Abstract

Acute cholangitis, is a product of bile stasis and infection of the biliary tract. Diagnostic and therapeutic role of the Endoscopic retrograde cholangiopancreatography (ERCP) has a critical role in the management. Anatomical variation following Roux-en-Y gastric bypass or people who had esophageal obstructions tend to make the early intervention by the ERCP a challenge. We report a case of septic cholangitis in a patient whom the ERCP was achived through a peg tube. Case report: 75-year-old male esophageal cancer & gastrostomy tube for malnutrition presented to the local hospital with fevers.
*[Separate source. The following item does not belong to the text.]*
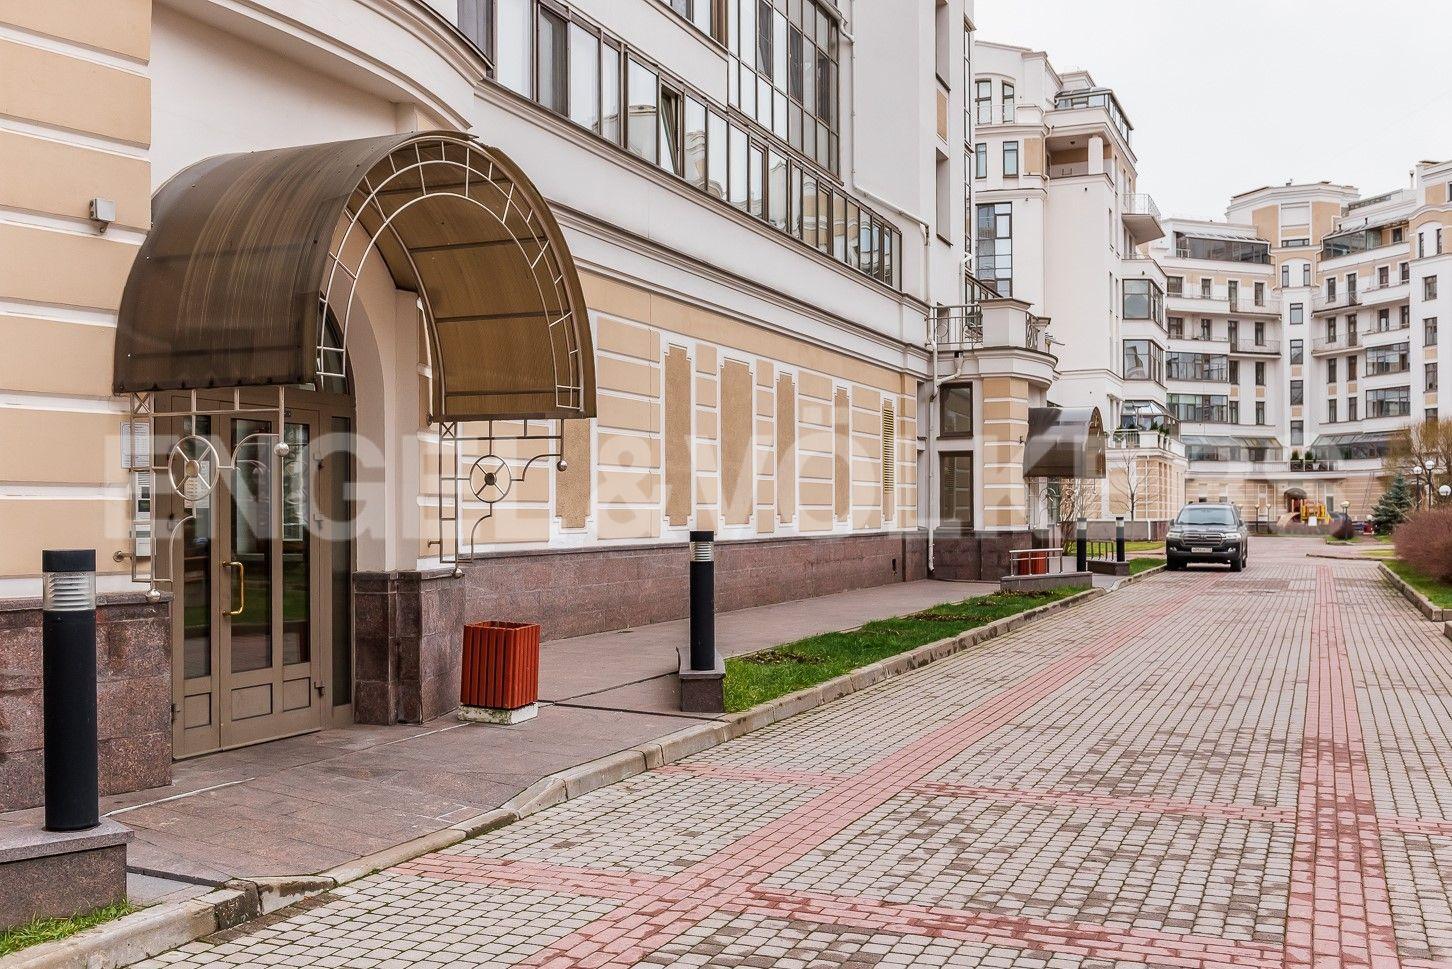 Элитные квартиры на . Санкт-Петербург, Морской пр, 33. Входная группа

Initial evaluation showed feature of sepsis with a fever, leukopenia, elevation in the liver enzymes & total bilirubin 1.2 and lactic acid 3.2. Ct scan showed a stone in the common bile duct & blood cultures showed Enterobacter cloacae. The patient started on ceftriaxone & transferred to our tertiary center for therapeutic intervention. The patient had a MRCP that demonstrates a 1.3 cm obstructive distal common bile duct stone for which the patient underwent an attempt with ERCP that shortly aborted given partially obstructing esophageal mass. After changing to a small pediatric endoscope, the scope was able to be pass the mass but the procedure terminated due to scope malfunction. Another route to access the biliray system was found; the peg tube was removed after an anchoring system was placed. Following the placement of the anchors an Axio stent was placed & a balloon dilitation was performed inside the stent up to 15 mm in size. Following dilitation an ERCP scope was placed and the papilla was accessed and sphincterotomy was made and stone was removed. After the stone removal, the stent was removed and a peg tube was replaced and the patient tolerated the procedure without any complication & discharged on stable condition. Discussion: ERCP is the treatment of choice in establishing biliary drainage in acute cholangitis. In the setting of anatomical variation, the success rate dramatically dropped below 70% when compare it to the traditional ERCP 90-95%. The literature showed that the success rate is higher using surgically created route through the stomach as a mature gastrostomy, trans-gastric or laproscopic- assisted port are all well tolerated. In patient with limited access for the traditional ERCP, alternative routes can allow the gastroenterologist to drain the blockage; such intervention can improve the mortality & morbidty.